NEW ORLEANS — By the time the novel coronavirus had swept through the Southeast Louisiana War Veterans Home in Reserve, it was too late for roommates Berlin Hebert Jr. and Ras Deakles. They both contracted the virus.
In early April 2020, died one day apart.
The Deakles family said they learned COVID was an issue inside the nursing home when they brought Raz’s granddaughter for a visit and were turned away, told by the staff they were on lockdown.
But when they talked to Ras on the phone and saw pictures of him on the home’s website mingling with other residents, they felt a false sense of assurance.
“We just had no idea that it was that bad in there,” said Sue Deakles, Raz’s widow.
Hebert said he called the home constantly out of concerns for his father.
“I asked the nurse, 'Is there any reason for me to be concerned that my father's been exposed?' And day after day, I was told no, he's safe,” Hebert said.
But the virus proved to be lethal inside the Southeast War Veterans Home, as it did throughout Louisiana's nursing homes, accounting for more than 40 percent of the state's COVID deaths in 2020.
Records show that in the first two months, the virus claimed at least 28 lives in inside the Southeast Veteran's 144-bed facility. The total at the home is now closer to 50, according to Donald Hodge Jr., the Baton Rouge attorney representing both families.
Hebert was a tattooed motorcycle enthusiast who lost a leg in Vietnam. A loner, according to his family, who rarely left his room.
Deakles, by contrast, was an outgoing and deeply religious Army man, a regular at bingo and other activities at the home.
But this odd couple became close friends, and they were among the state's first nursing homes deaths. Now their families have filed the state's two medical malpractice lawsuits related to COVID deaths at nursing homes.
“The medical review board found a breach in standard of care.

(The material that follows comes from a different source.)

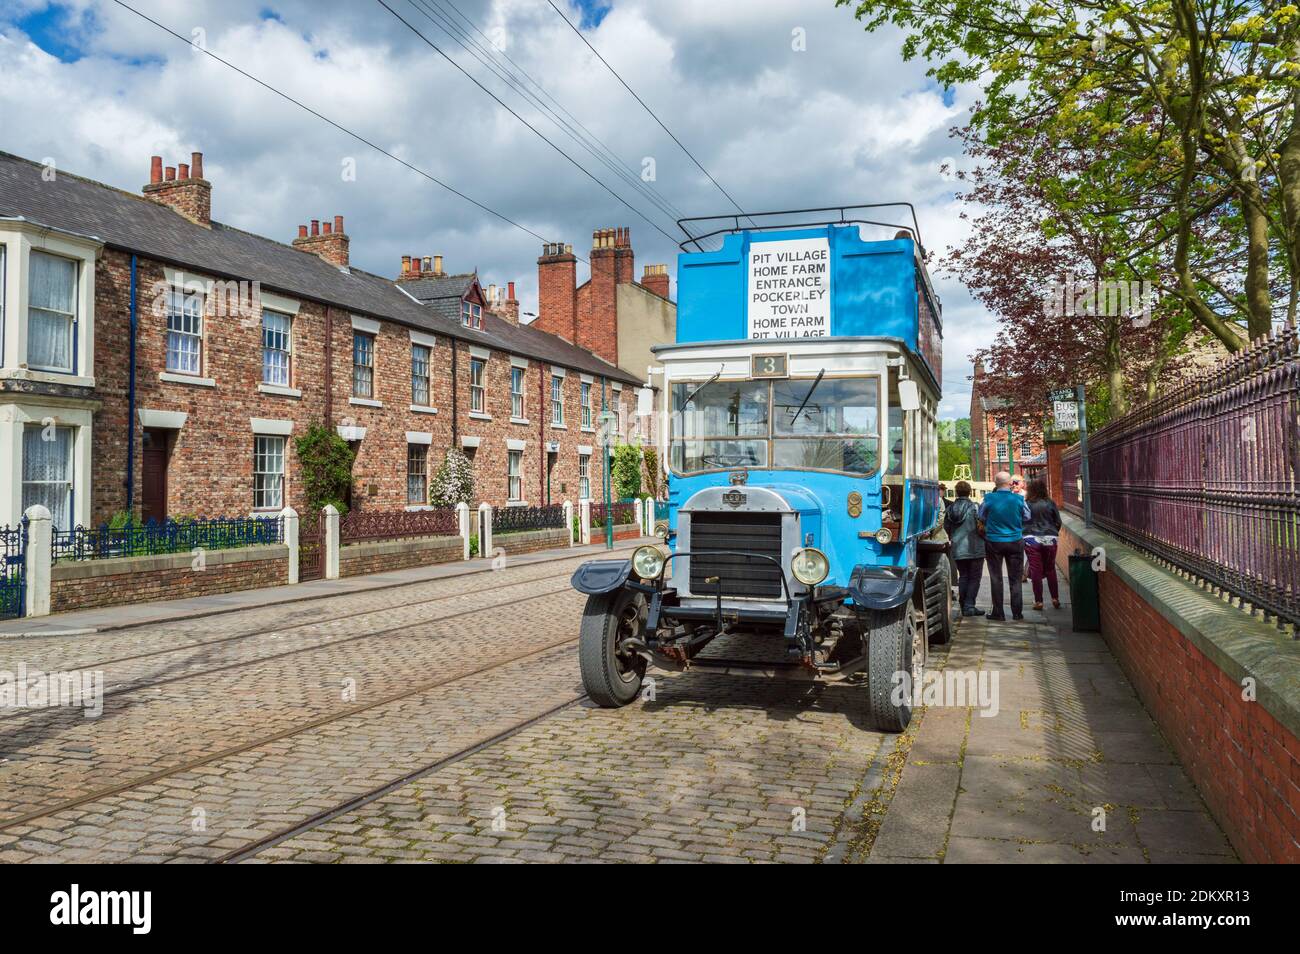 Vintage B Type Bus on cobbled street in the Edwardian village at Beamish Open Air Museum Stock Photo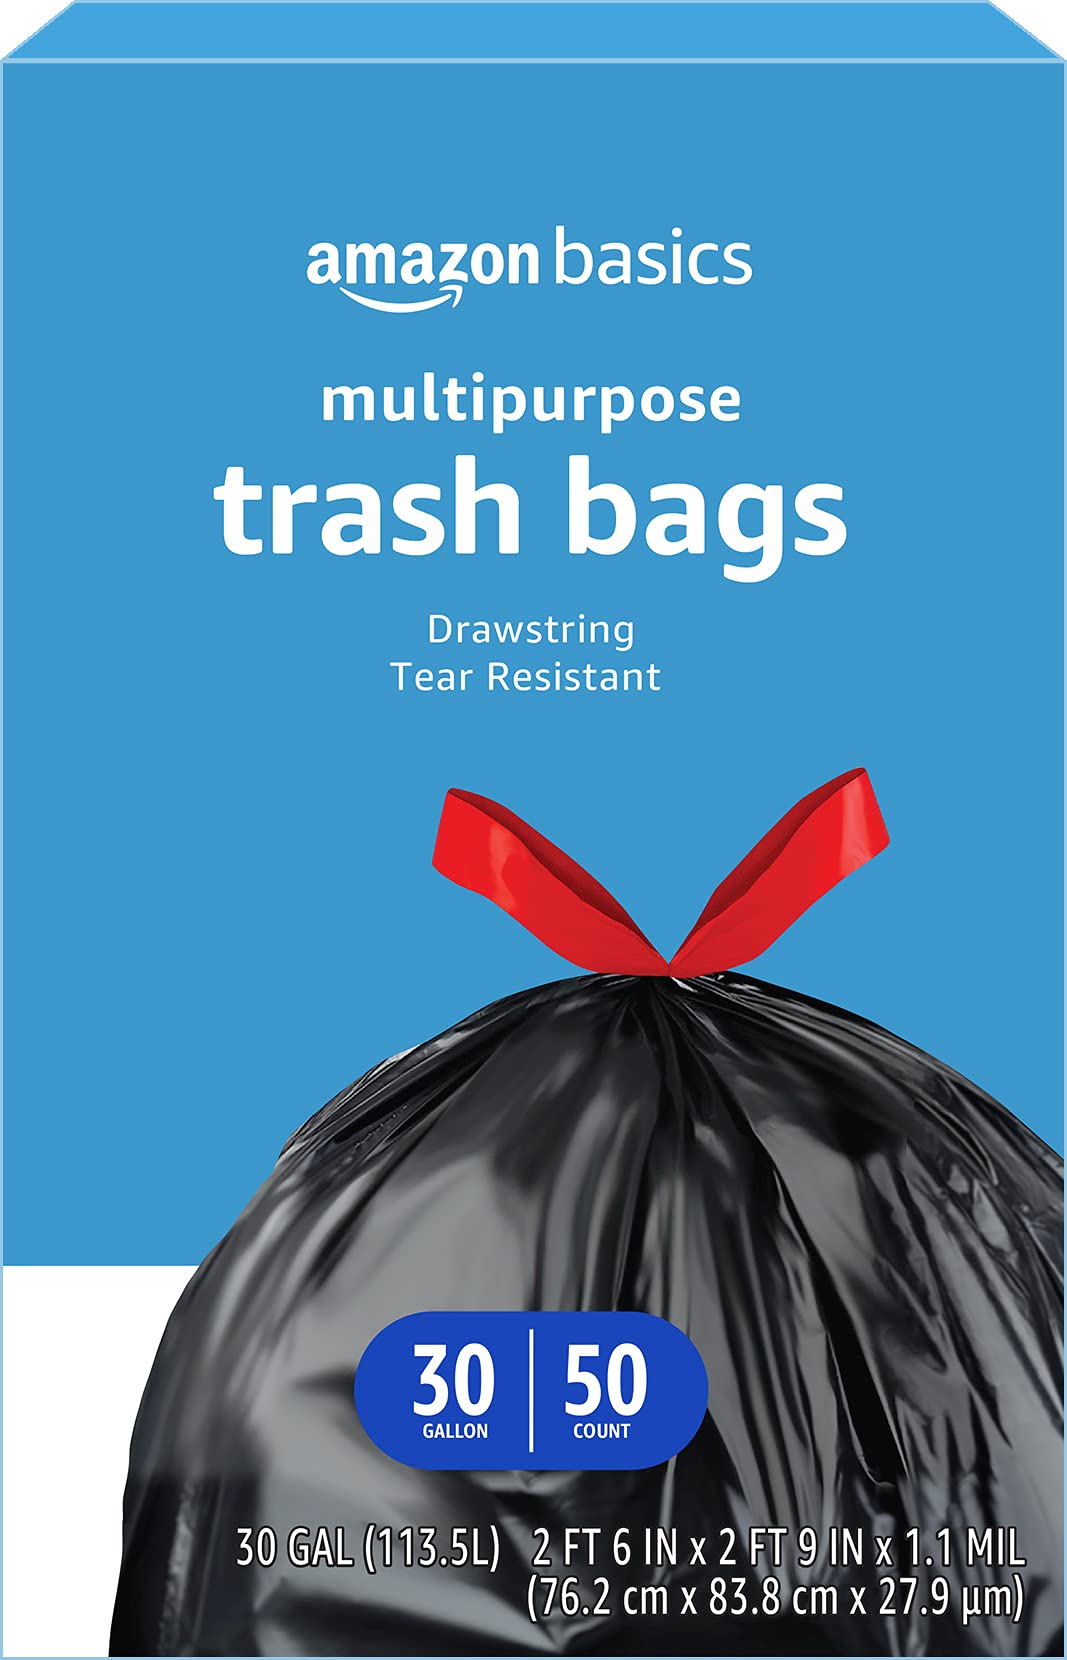 50-Count 30-Gallon Amazon Basics Multipurpose Drawstring Trash Bags (Unscented) $7.78 w/ S&S + Free Shipping w/ Prime or on $35+

And they also found gross negligence,” Sue Deakles said.
In Hebert's case a review panel found straight negligence, a slightly lesser ruling but still very rare given the steep hurdles to filing a medical malpractice claim in Louisiana. A medical board of three doctors must first determine negligence, something that happens in only about seven percent of claims. Beating those odds, the Hebert and Deakles lawsuits were filed this week.
“I felt vindicated. I wanted to cry,” Hebert said about his reaction to the medical panel’s finding.
“We want somebody to be held liable for what they did. Because we don't want it to happen to anybody else,” said Valerie Deakles Willman, Raz’s daughter.
In nearly identical lawsuits filed by Hodge, the families claim that Southeastern was allowing residents to congregate even after the governor ordered restrictions.
Photos of the residents mingling without mask were first published by WWL-TV in its investigative series “Standard of Care” about the high rate of nursing homes infections and deaths from COVID. Those photos are now exhibits in the lawsuits.
“There was just no possible way my dad contracted this through his own actions,” Hebert said.
“They were taking pictures of my dad playing bingo and things like that,” Willman said. “Absolutely, no doubt about it. My dad should still be here.”
The attorney has requested that the judge expand the lawsuit to a class action to cover other Southeastern patients who lost their lives.
We reached out to the veteran's home, which is run by the state, and received this written response:
“Our staff provided excellent care to the veterans living at the Southeast Louisiana Veterans Home during an unprecedented and difficult time. We are
aware of these lawsuits; however, we cannot provide further comment at this time on this pending litigation.”
The Louisiana Attorney General’s office is expected to represent the state-run home, but they have not yet filed a response to the lawsuits.